VENEZIA. Davanti al rischio concreto di quattro giorni senza raccolta di rifiuti a Venezia, sulle spiagge, nelle isole - da sabato sino a martedì prossimo - il prefetto di Venezia Domenico Cuttaia interviene con la precettazione di 450 dei 1300 dipendenti Veritas. L'obiettivo dichiarato è quello di garantire la raccolta dell'immondizia nella città storica di Venezia, nelle isole di Murano e  Burano e lungo le spiagge della provincia: nelle altre zone i servizi non saranno invece assicurati, così come l’apertura degli sportelli e degli Ecocentri gestiti da Veritas.

Per lunedì 11 e martedì 12 luglio Cgil, Cisl e Uil hanno infatti  indetto uno sciopero nazionale dei lavoratori dell’igiene, anticipato sabato 9 da un'assemblea dei lavoratori: il contratto di lavoro è, infatti, scaduto già da 40 mesi. A fronte di una raccolta parziale dei rifiuti già per la giornata di sabato, allo stop di domenica, il doppio sciopero d'inzio settimana minacciava di creare molti disagi, in piena stagione  turistica: un micidiale black-out di quattro giorni nella raccolta che avrebbe potuto trasformare Venezia e le località balneari del litorale in un gigantesco immondezzaio a cielo aperto per la gioia di topi e gabbiani.

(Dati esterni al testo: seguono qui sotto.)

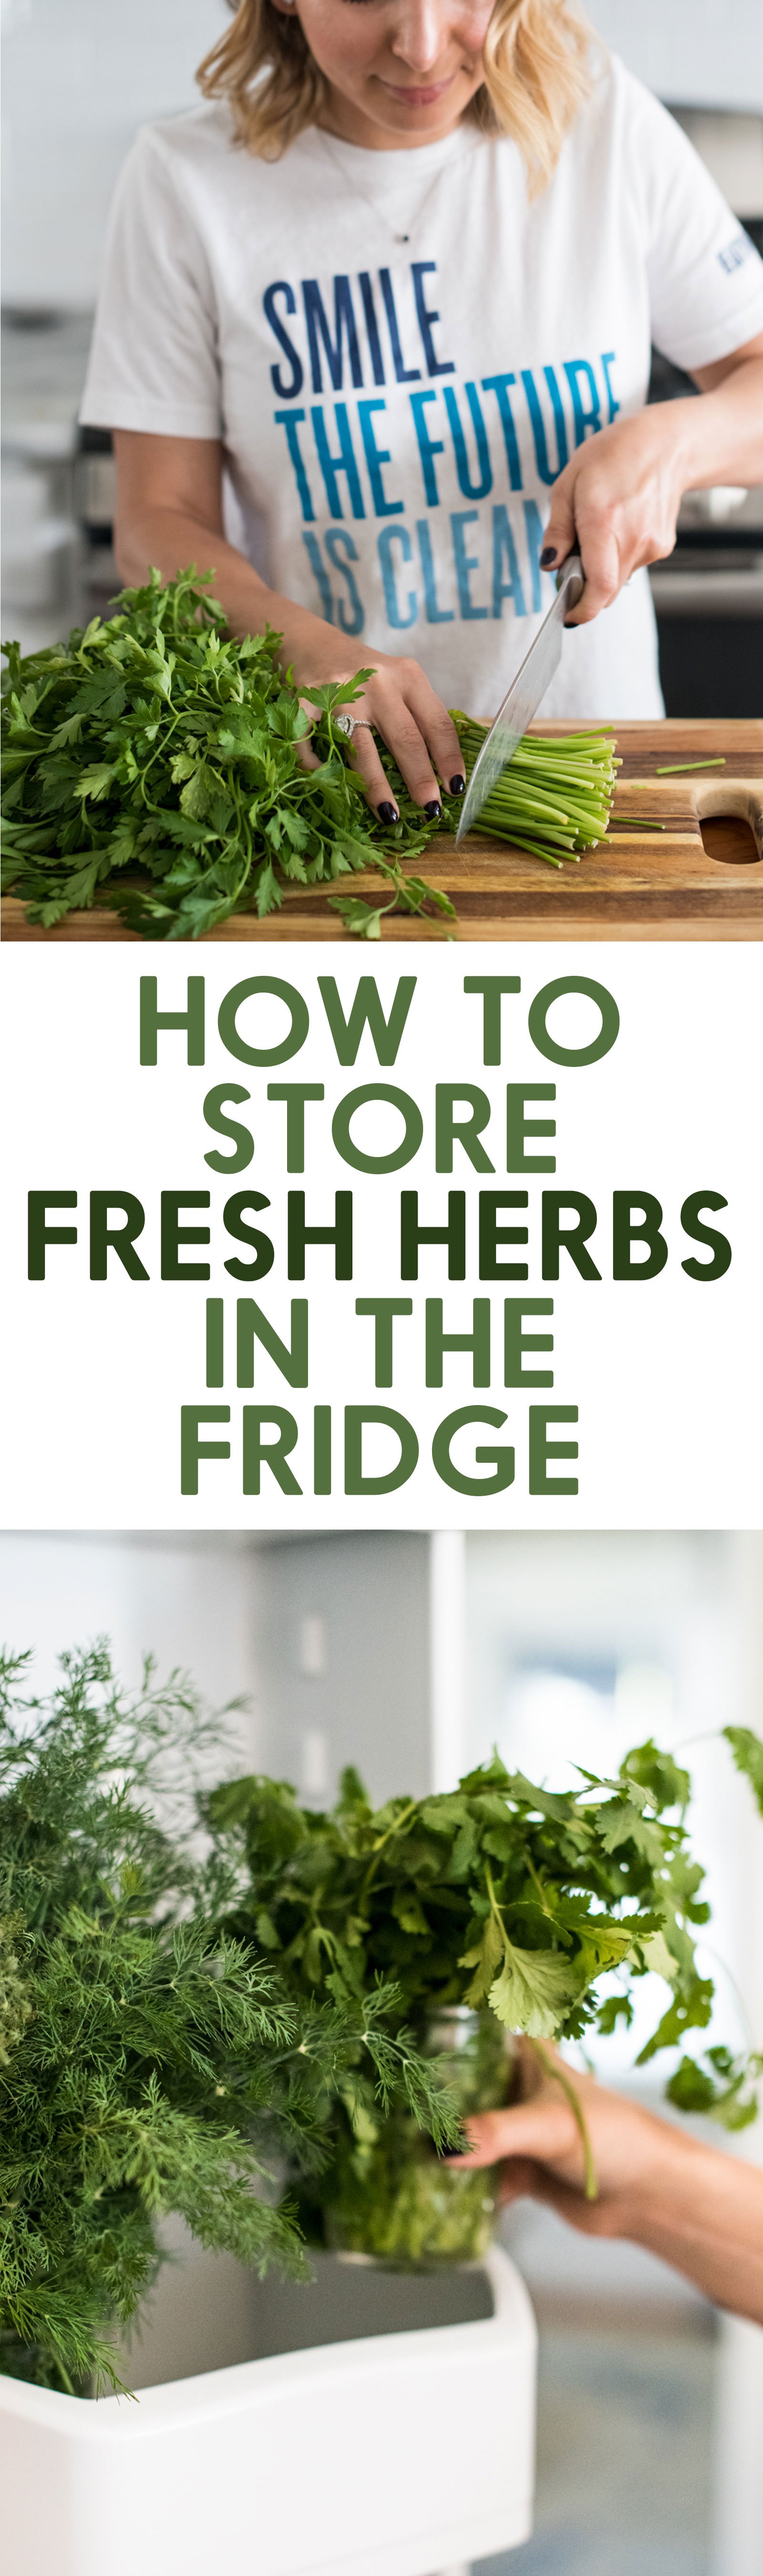 How to Store Fresh Herbs in the Fridge
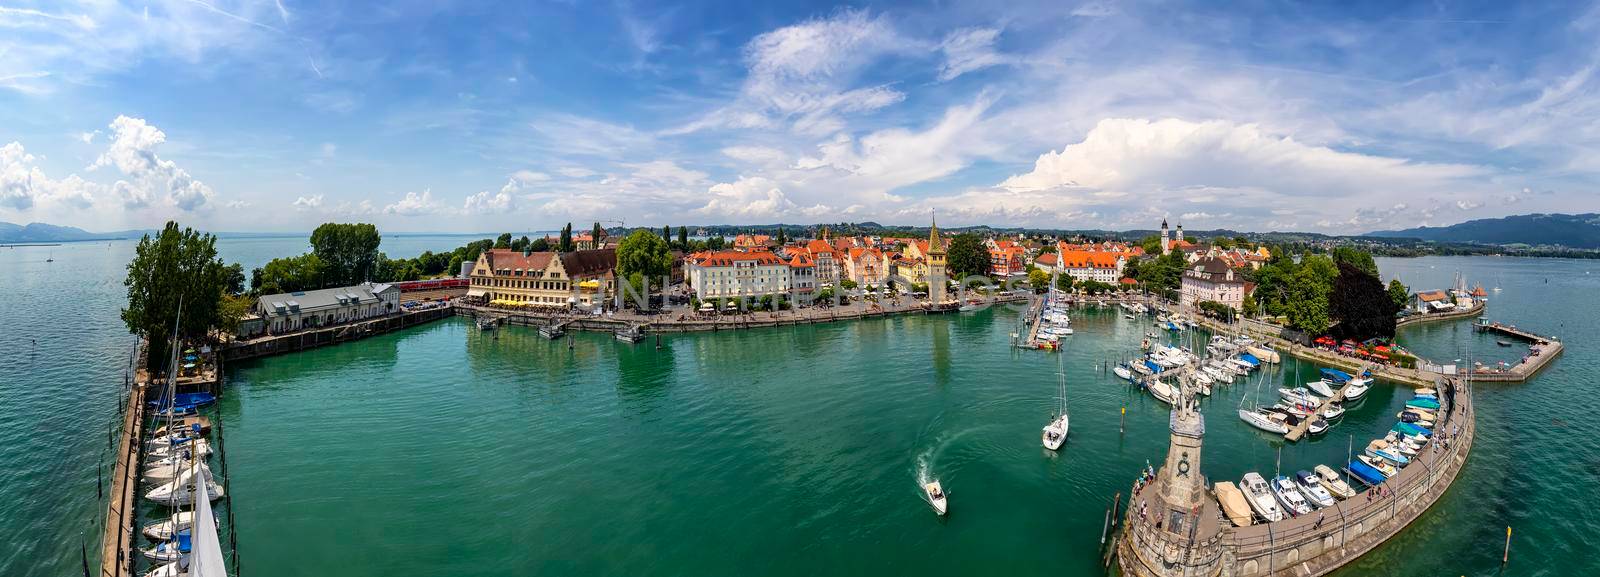 Lindau, Germany - July.21 2019: Amazing panorama of Harbor on Lake Constance with a statue of a lion at the entrance in Lindau, Bavaria, Germany. by EdVal

Venerdì si è svolto in Prefettura l'incontro per il tentativo di conciliazione, al quale non si è presentato il Comune di Venezia: inutile ogni mediazione. A fronte di uno stallo nazionale sul rinnovo del contratto - uno dei punti più contrastati, l'orario di lavoro da 36 a 38 ore settimanali, a fronte del pagamento di circa una mesilità -  i sindacati hanno respinto l'offerta del prefetto di farsi garante di un tavolo di confronto con azienda e enti locali, i cui lavori si sarebbero dovuti concludere entro il 1 agosto, confermando l'agitazione. Così è scattata la procedura di precettazione.

Il prefetto Domenico Cuttaia
Il prefetto Domenico Cuttaia

"Il prefetto", si legge in una comunicato della Prefettura, "ha richiamato al senso di responsabilità gli esponenti sindacali, invitandoli a desistere dall'iniziativa, per evitare gravi pregiudizi ai diritti costituzionalmente garantiti della persona, tenuto conto che l'astensione si svolge a ridosso della domenica, in vista della Festa del Redentore, in un periodo di rilevante afflusso turistico e con temperature al di sopra delle medie stagionali, creerebbe gravi pregiudizi alla salute, all'igiene pubblica e al decoro ambientale, con possibili criticità sotto il profilo dell'ordine e della sicurezza pubblica".

Intanto Veritas invita i cittadini in questo caso a non abbandonare i rifiuti in strada: nel caso lo sciopero venisse confermato - nonostante le trattative tutt'ora in corso a Roma - l'azienda annuncia che non sarà fatta comunque la raccolta differenziata.